Remember the scene in “Christmas Vacation” when Clark W. Griswold finally gets the Christmas lights on his house to work? It kind of felt like that.
That security guard must have thought that because Michelle Rodriguez was talking to me, less than a minute before, that we were either friends or at least on the same VIP list together. After that wonderful security angel spoke and the trumpets of victory blasted loud and proud inside my head, after I skipped level 2 and was going right into level 3, myself and some of the others from the Cage crew were forced to turn in our phones. No cameras? No problem. Here’s my phone. Smash it. I don’t care. They put everyone’s phone inside these soft, green clothed magnetized pouches that we got to keep on ourselves for the show then, at the end of it, they’d unlock them for us. I was then quickly ushered inside The Troubadour. Was this really happening? All I could keep thinking to myself was to keep my wrists hidden underneath my jacket sleeves. If anyone saw that I didn’t have a wristband, I’d be screwed.

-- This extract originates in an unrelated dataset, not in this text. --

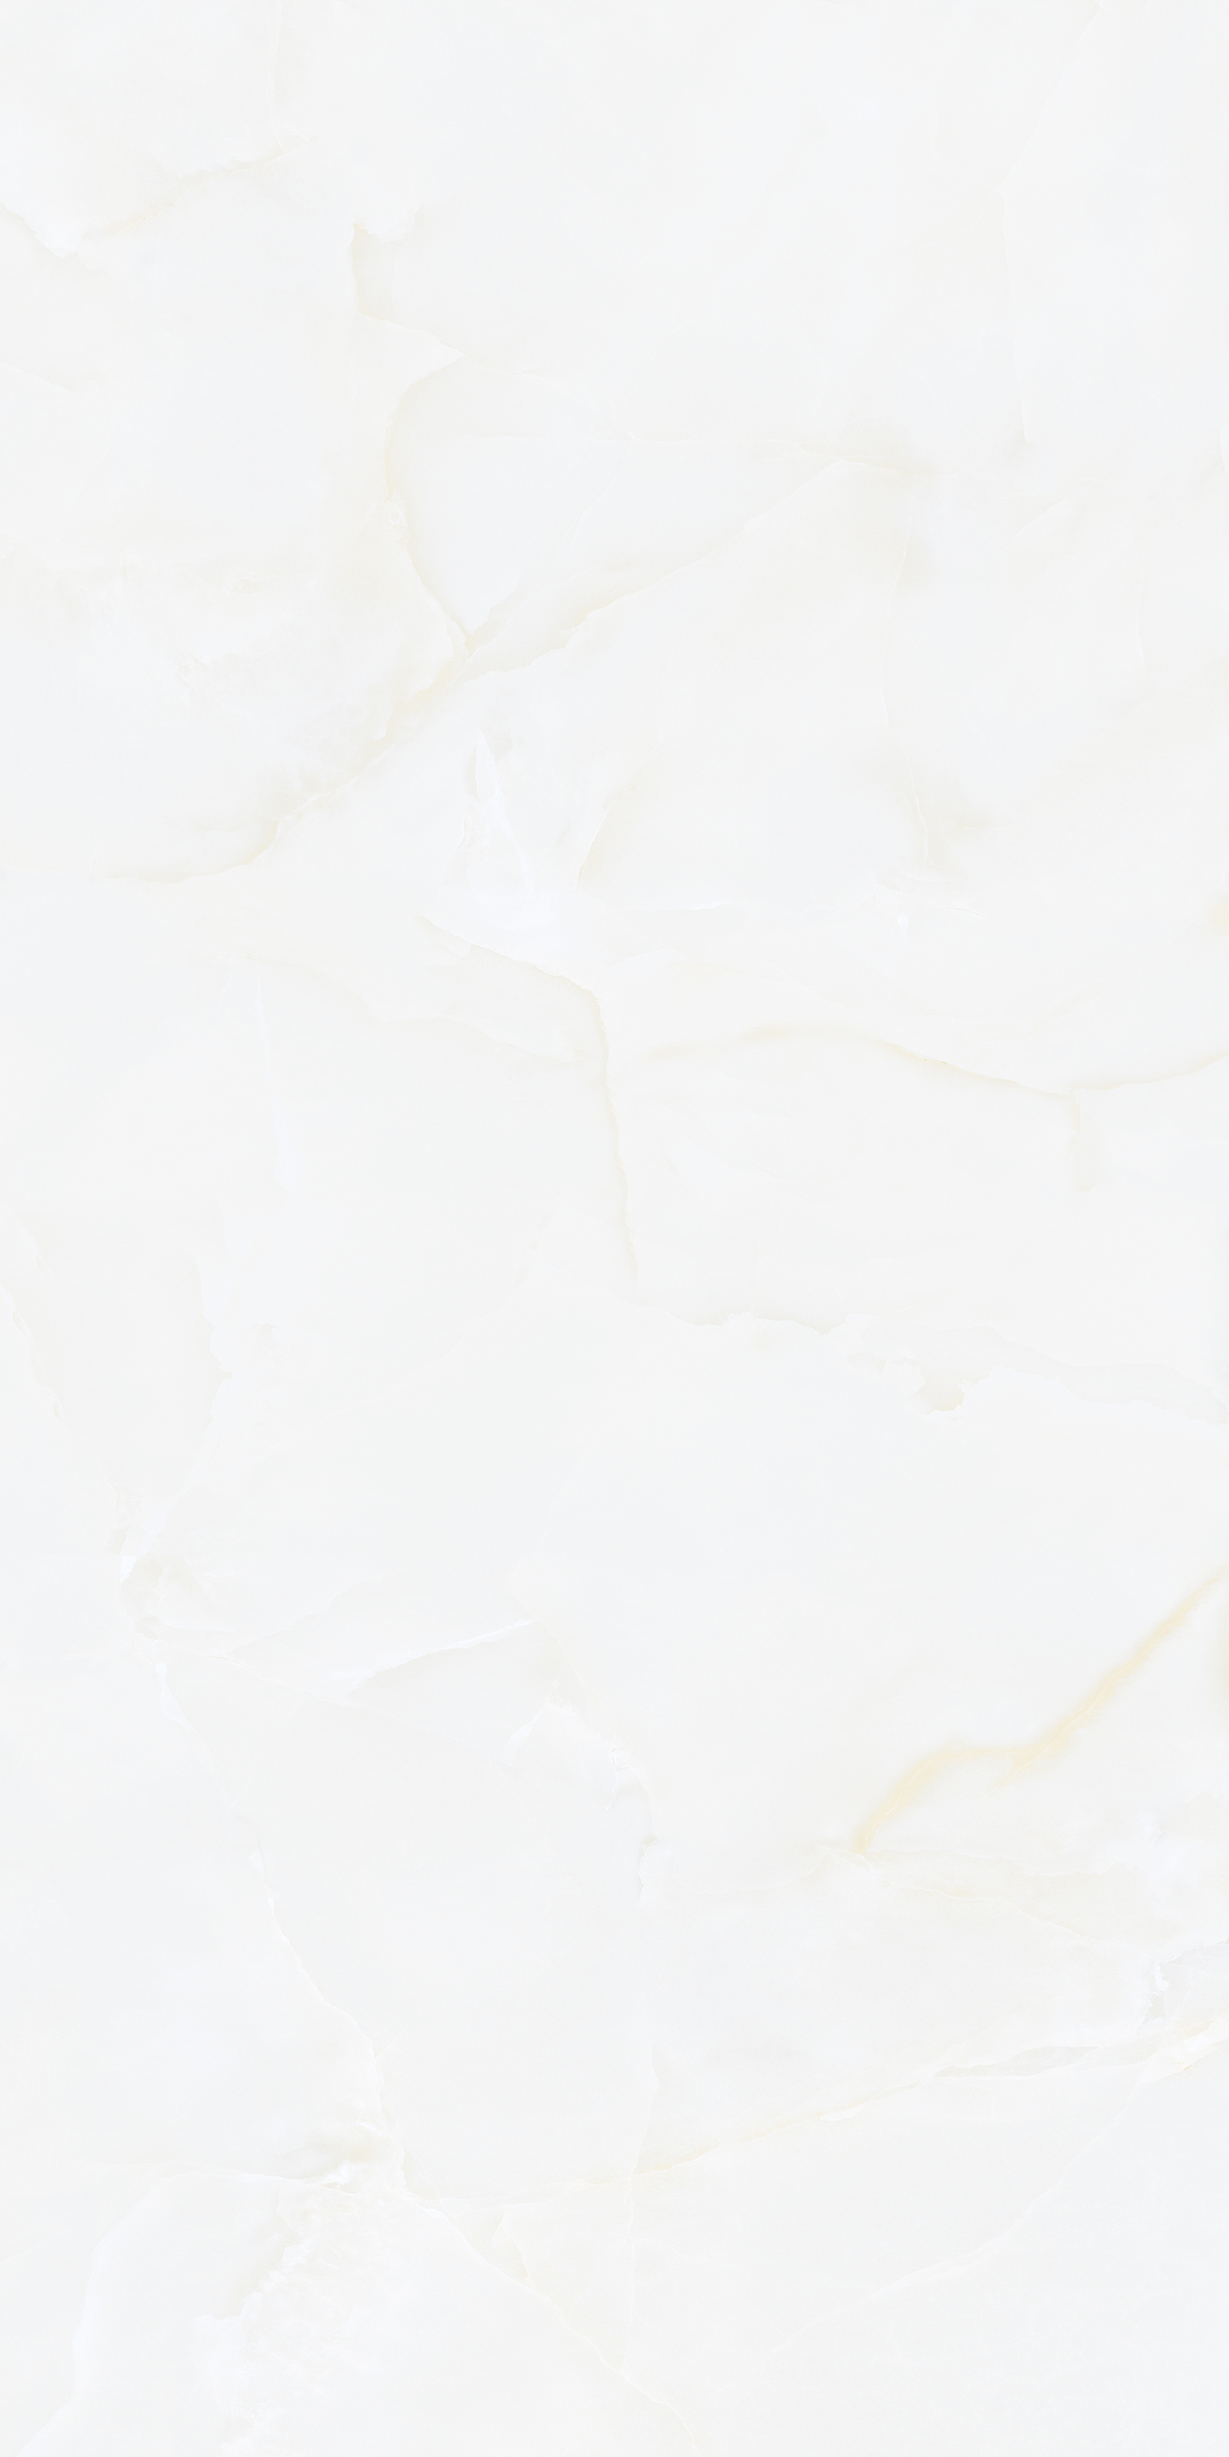 Polished Light Marble Texture Background, High Resolution Italian Smooth Onyx Marble Stone For Abstract Interior Home Decoration Used Ceramic Wall Tiles And Floor Tiles Surface Background.; Shutterstock ID 1809170302; purchase_order: -; job: -; Name of competition (if applicable): -; other: -

This could still all go tits up. Keep the wrists down. Another reason I couldn’t breathe a sigh of relief just yet was because the second I got into the crowd on the venue floor, I was spotted. Not from security, but from some fellow gunners who were at Tower Records earlier that day and had seen my failed attempt to get in with my lime green napkin. They stared at me wide eyed but with smiles. They knew. I knew they knew. Then they spoke, “Dude. Just tell us. How did you do it? We saw you try everything. We’re not gonna rat you out. Just tell us.” I couldn’t risk it. I still didn’t believe it was happening. I immediately gave them a kind smile, took off into the audience then yelled back to them, “I’m just grateful to be here!”
And I was. I truly was. I found a spot that was center left to the stage. As I stood there in a soon to be sweaty pack of true blue, dedicated, hardcore GNR fans, I stared at the glowing neon blue TROUBADOUR sign hanging above the iconic Guns N’ Roses bullet logo banner. That neon blue light was talking to me. It said, “You did it”. But even then I couldn’t fully believe it. I continued to keep my wrists down for fear that I was standing next to someone who had waited for hours at Tower Records. It soon didn’t matter because I quickly became buddies with two dudes who were in equal amazement of the show that was about to happen. We were all so excited but, beside us, there was a tall, quiet, semi “too cool for school” type guy who didn’t appear to share the same enthusiasm as we did. “Whatever” I thought, “not everyone has to be as excited as us.”
Then the lights went down.
Every inch of The Troubadour screamed joyously. For minutes, we kept cheering louder and louder.
Then Slash took the stage.
Louder.
Then Duff.
Even Louder.
Then Axl.
Officially deaf.
As I screamed and jumped louder and higher and more victoriously than I ever had in my entire life, I glanced to the tall, quiet guy next to me. My smile grew as much as my face could contain as I saw that he now had both hands pressed against his cheeks, screaming at the top of his lungs, “OH MY GOD! OH MY GOD!” For the rest of the show, we were all thinking (and screaming) the same thing:
“I can’t believe it. It’s really happening and I’m here.”